From: ELB
Subject: Student in need of prolog help!!!
Date: 
Message-ID: <a0d59a$2kt$1@helle.btinternet.com>
hi all,
I'm a student (not wanting to cheat)  currently taking a module in further
prolog, but am stuck as to how to complete an exercise giving to me.  I'm
not a cheat, but just require some pointing in the right direction.  the
task involves using Bayes theorem to find the probability of a disease from
a list of symptoms being asked in the form of questions.  I have found how
to use bayes theorem, but am stuck how to get the best disease from the
symptoms asked.  really I am looking to developing an expert system shell
(like EMYCIN) that can be used with an data and list of symptoms and
diseases so that it can be scaleable (it only needs to be use breath-first
searching really - due to time constraint .. has to be submitted in 3 weeks
time).

If anyone is out there who can give me some pointers I will be very
thankfully.

Cheers

ELB (a student in need a Christmas time)

From: Kaz Kylheku
Subject: Re: Student in need of prolog help!!!
Date: 
Message-ID: <2VHW7.54815$OY3.2041472@news3.calgary.shaw.ca>
In article <············@helle.btinternet.com>, ELB wrote:
>hi all,
>I'm a student (not wanting to cheat)  currently taking a module in further
>prolog, but am stuck as to how to complete an exercise giving to me.

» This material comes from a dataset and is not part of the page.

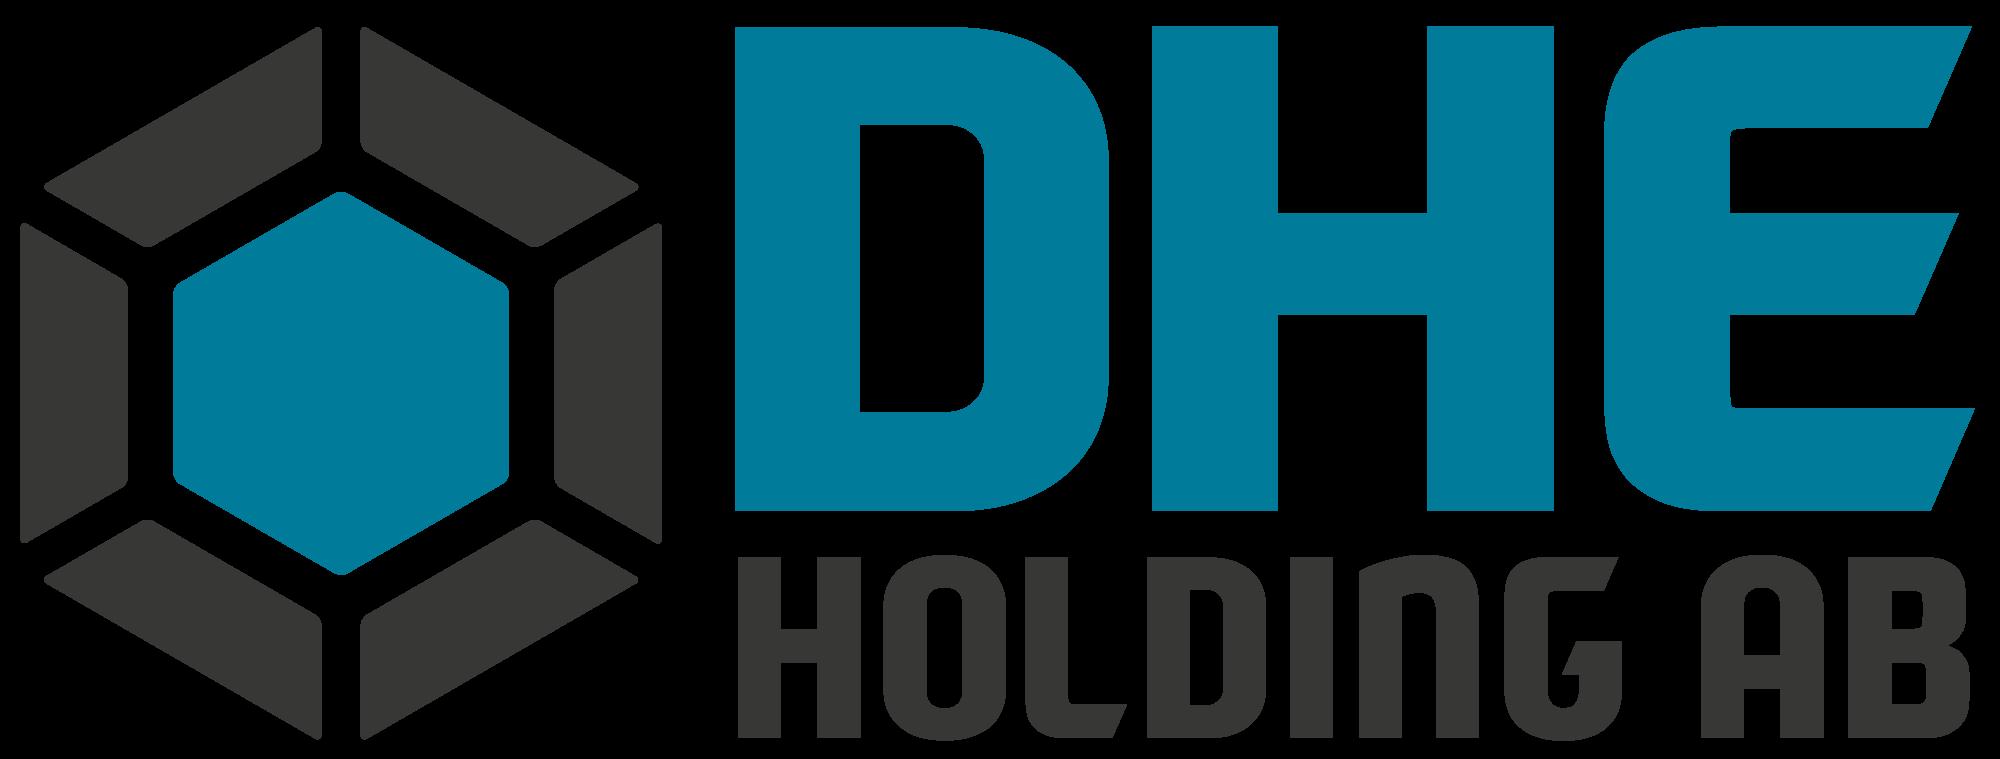 dhe_holding_logo_blue_gray_2015

Indeed, it is quite obvious you don't want to cheat. Because then you'd
be cunning enough to go to comp.lang.prolog, right?
From: ELB
Subject: Re: Student in need of prolog help!!!
Date: 
Message-ID: <a0flhl$q01$1@helle.btinternet.com>
Tried there already .. but now i'm getting desperate!!!
:(

ELB

"Kaz Kylheku" <···@ashi.footprints.net> wrote in message
····························@news3.calgary.shaw.ca...
> In article <············@helle.btinternet.com>, ELB wrote:
> >hi all,
> >I'm a student (not wanting to cheat)  currently taking a module in
further
> >prolog, but am stuck as to how to complete an exercise giving to me.
>
> Indeed, it is quite obvious you don't want to cheat. Because then you'd
> be cunning enough to go to comp.lang.prolog, right?
From: Kaz Kylheku
Subject: Re: Student in need of prolog help!!!
Date: 
Message-ID: <THJW7.55406$OY3.2070026@news3.calgary.shaw.ca>
In article <············@helle.btinternet.com>, ELB wrote:
>hi all,
>I'm a student (not wanting to cheat)  currently taking a module in further
>prolog, but am stuck as to how to complete an exercise giving to me.  I'm
>not a cheat, but just require some pointing in the right direction.  the
>task involves using Bayes theorem to find the probability of a disease from
>a list of symptoms being asked in the form of questions.  I have found how
>to use bayes theorem, but am stuck how to get the best disease from the
>symptoms asked.

Pardon my possible stupidity, but wouldn't the best disease be the
one that has the highest probability? If, for each diseases known to
your program, you can compute a probability with respect to the set of
symptoms, which you said you know how to do, the highest probability
one must be the best match, according to the probabilistic reasoning
implied by this model. A disease that is a 75% match for the symptoms
is more likely to be the correct diagnosis than one which is a 40% match,
right? So there is an obvious, albeit exhaustive way to find the answer.

> really I am looking to developing an expert system shell
>(like EMYCIN) that can be used with an data and list of symptoms and
>diseases so that it can be scaleable (it only needs to be use breath-first
>searching really - due to time constraint .. has to be submitted in 3 weeks
>time).

That is now a question about optimizing the search. Some diseases are
obvious bad matches for the symptoms, and can likely be pruned from the
search without affecting the reliability of the results. This may be a
good question for comp.ai or comp.theory, which deal with algorithms.

I'd just implement an unoptimized solution, and then optimize it later.
It may be better to have a slow something that works at the end of the
three weeks, then to have a half-optimized something that doesn't work.

Any program that doesn't work can be optimized down to one really fast
line, which just terminates with an unsuccessful indication to the
operating system. ;)

Suppose you really had a patient by your side and you wanted to use the
computer to make a diagnosis, having only the raw data but no program. You
could spend three weeks writing and optimizing your program, so that
it runs in five minutes. Meanwhile, the patient gets progressively
worse. Or you could hack it up in a few hours, then have it compute for
a few more hours to give you the likely diagnosis.

Speed becomes important as the program matures and becomes more and more
widely deployed, and users learn to trust it and increasingly rely on it
in more critical situations, where a fast diagnosis is crucial.